Like You're Under Sedation: Fox's Sanitized Rocky Horror Picture Show

The Rocky Horror Picture Show: Let’s Do the Time Warp Again feels like a very 2016 programming choice. I can almost picture Fox executives congratulating themselves the moment they discovered this perfect material to repurpose and appeal to today’s all-inclusive, gender-fluid youth of America. What a boon it must have seemed to them, then, to place Laverne Cox – a transgender actress – in the crux of the strange and sexual goings-on as Dr. Frank-N-Furter, a role originated in drag by Tim Curry.

The original Rocky Horror Picture Show is a nonsensical sci-fi musical bursting with sexuality and charged innuendo. A critical and box office failure when it premiered in 1975, it still screens in theaters today thanks to the fervent love of its misfit fans, making it the perfect mirror of its outcast characters.

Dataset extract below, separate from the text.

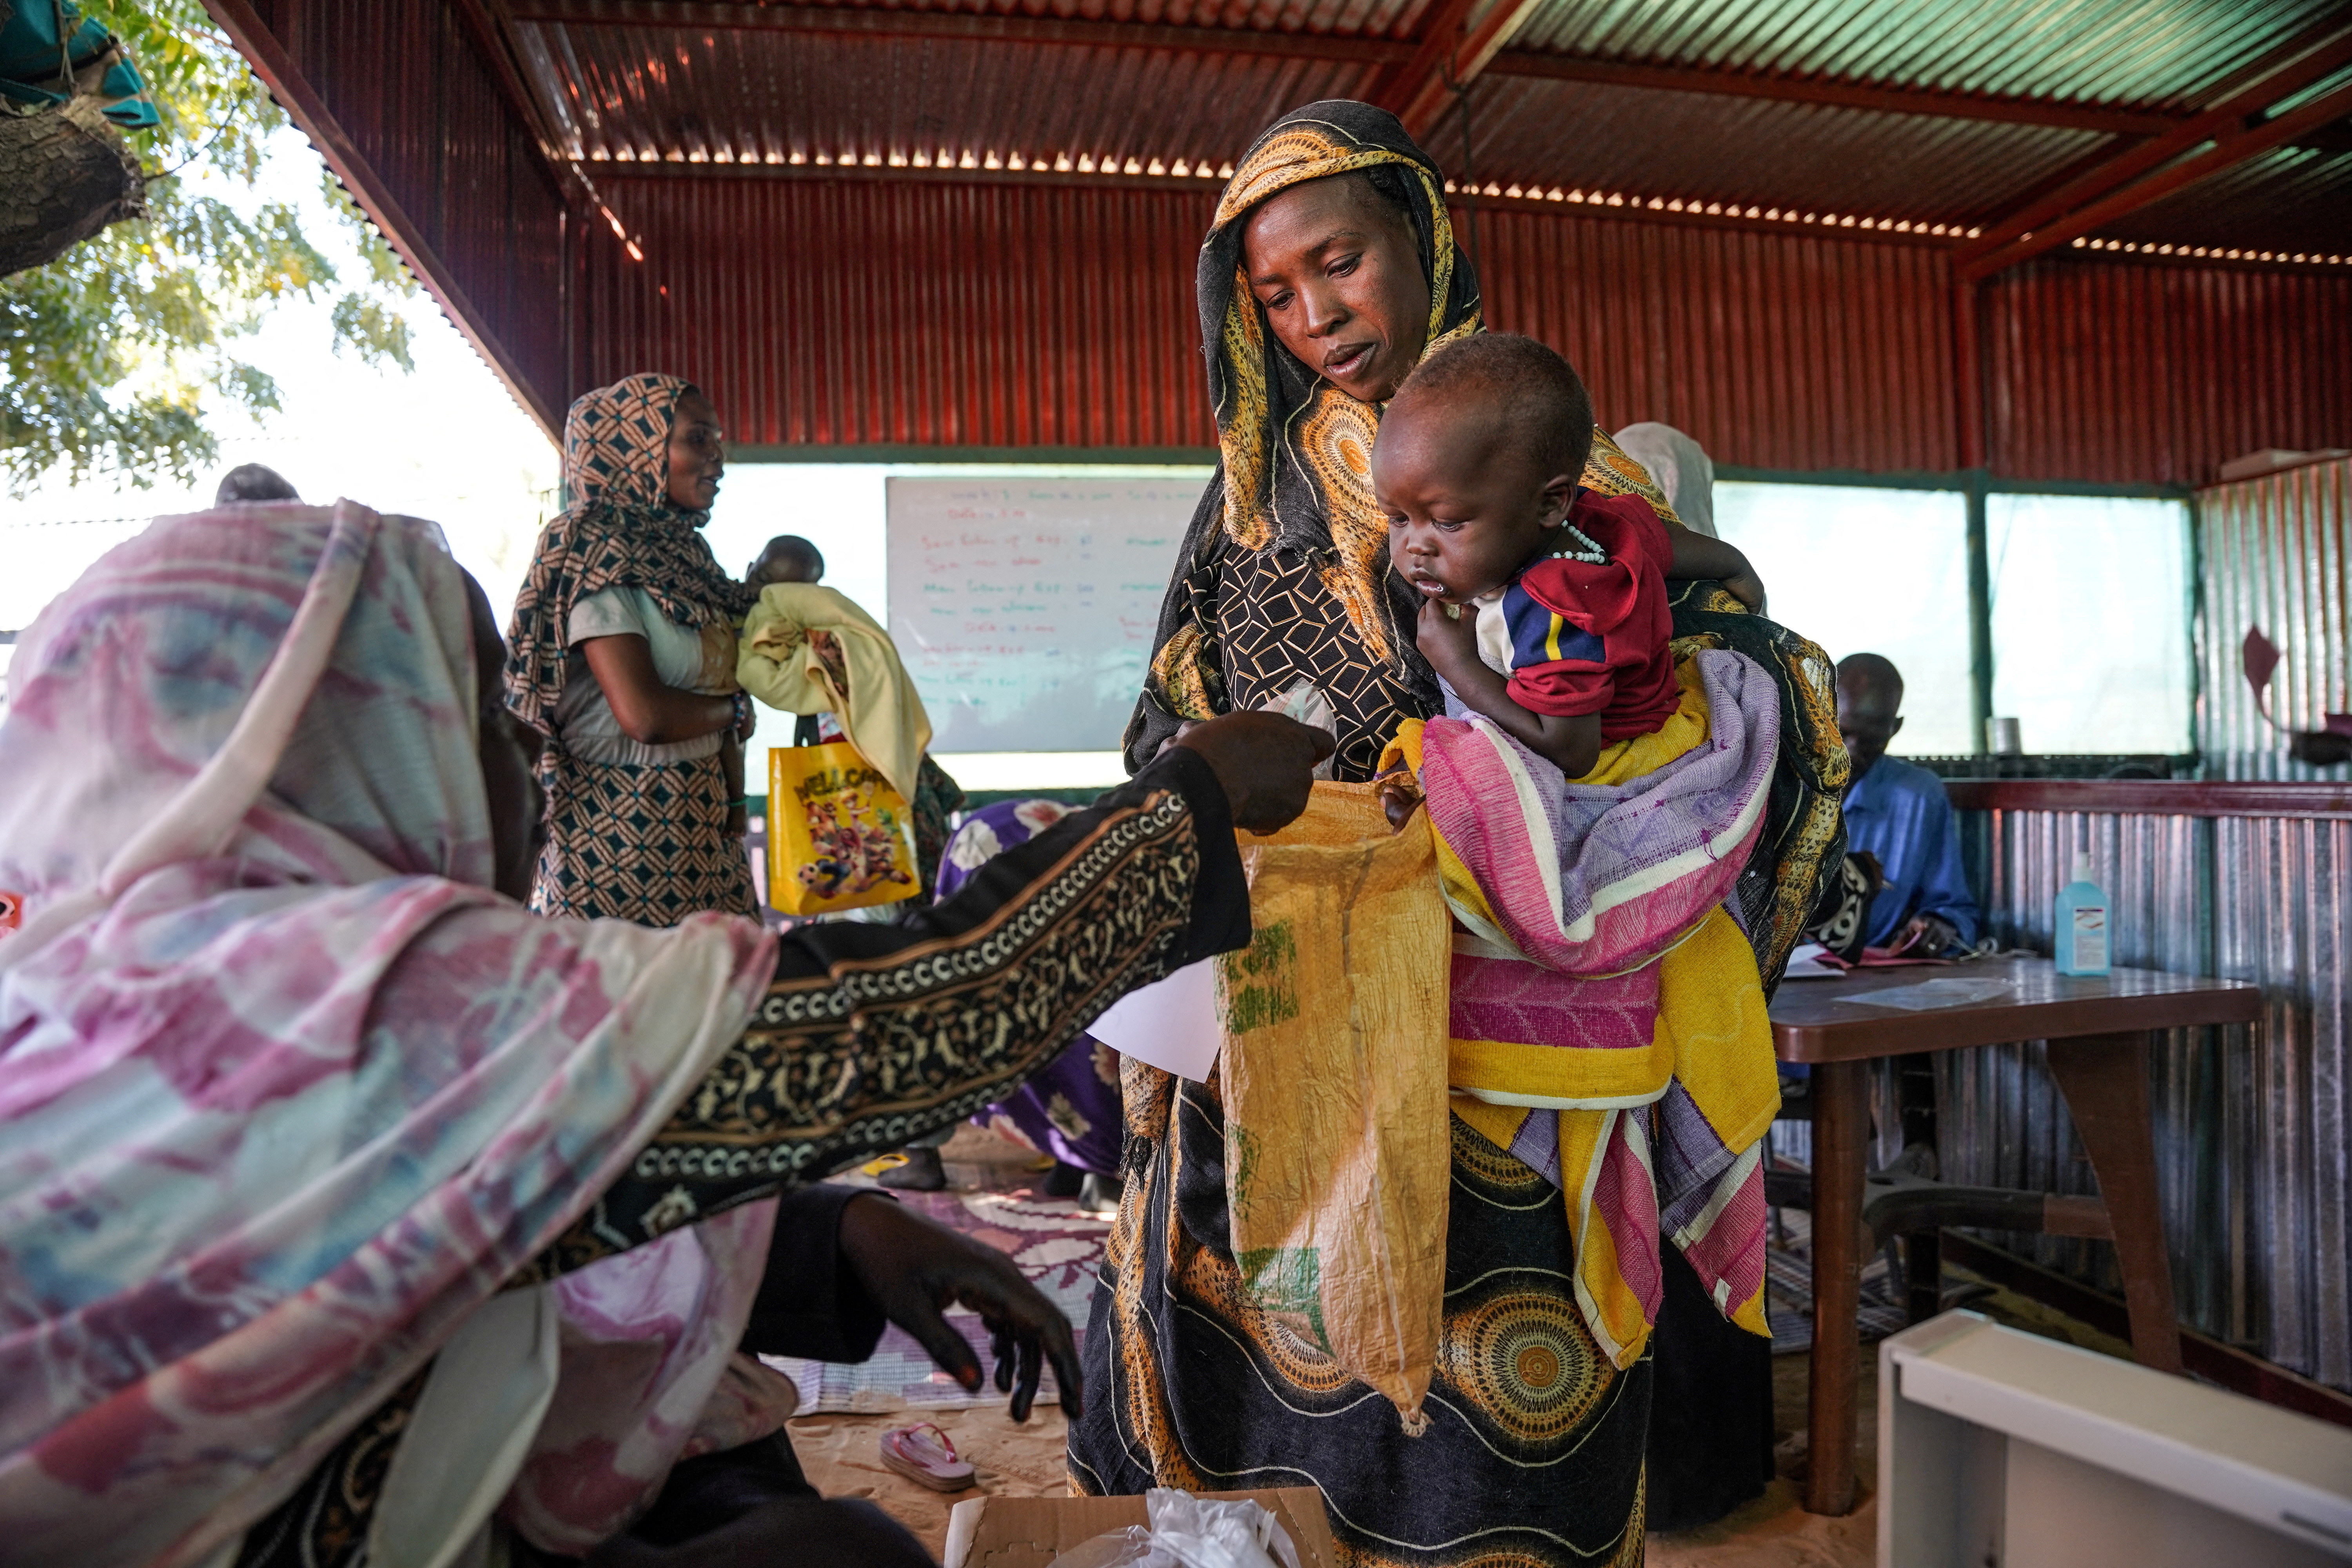 Handout photograph of a woman and baby at the Zamzam displacement camp in North Darfur

Those who attend the regular midnight staging/screenings liken seeing it to losing your virginity: you always remember your first time. Maybe that’s why the remake feels like such a violation. In taking the outer space story so embraced by outer-society and repackaging it for a mainstream primetime audience, Fox not only fails to capture the original’s come-as-you-are message, but seems to advocate the opposite.

The original Frank-N-Furter’s gender is never explicitly defined. After all, the doctor is “just a sweet Transvestite from Transsexual, Transylvania.” Curry’s Frank is a force in fishnets, but his allure is by no means conventional, and it is most recognizable to the audience only through the admiration of his acolytes. He’s pure androgyny, nipples exposed in a bustier with nothing to boost. He’s cheekbones and jawline, curvy but sturdy, a dainty brute. His sexiness is almost sinewy. It’s hard to swallow, but that’s what makes it so delicious. That he’s able to seduce straight-laced Brad and Janet under his spell is a testament to the mysticism of his sexuality. It’s an affirmation of owning your otherness. Even the freaks and the weirdoes can get down. In fact, they’re better at it.

In the remake, however, Frank’s absence of a Y-chromosome is definitive. For her part, Cox is all leggy confidence. She commands each song with an almost domineering self-assurance. It’s hard not to be taken aback by her beauty, and that’s the problem. In the final sequence, Frank is betrayed by his doting servants. Curry, with his puff of hair matted to his face and his makeup splotchy, looks like a wet puppy made small and meek with his loss of power. In Cox’s demise, not a hair is out of place. She can play vulnerable and heartbroken, and she does quite strikingly on Orange is the New Black, but there’s no room for depth of character at today’s Frank-N-Furter castle, only vaudevillian entertainment. And Cox is so stunning it’s hard to imagine anyone kicking her out of bed. As such, her seduction of the virginal houseguests lacks, well, climax (the awkward staging and omission of racier visuals for primetime viewership doesn’t help).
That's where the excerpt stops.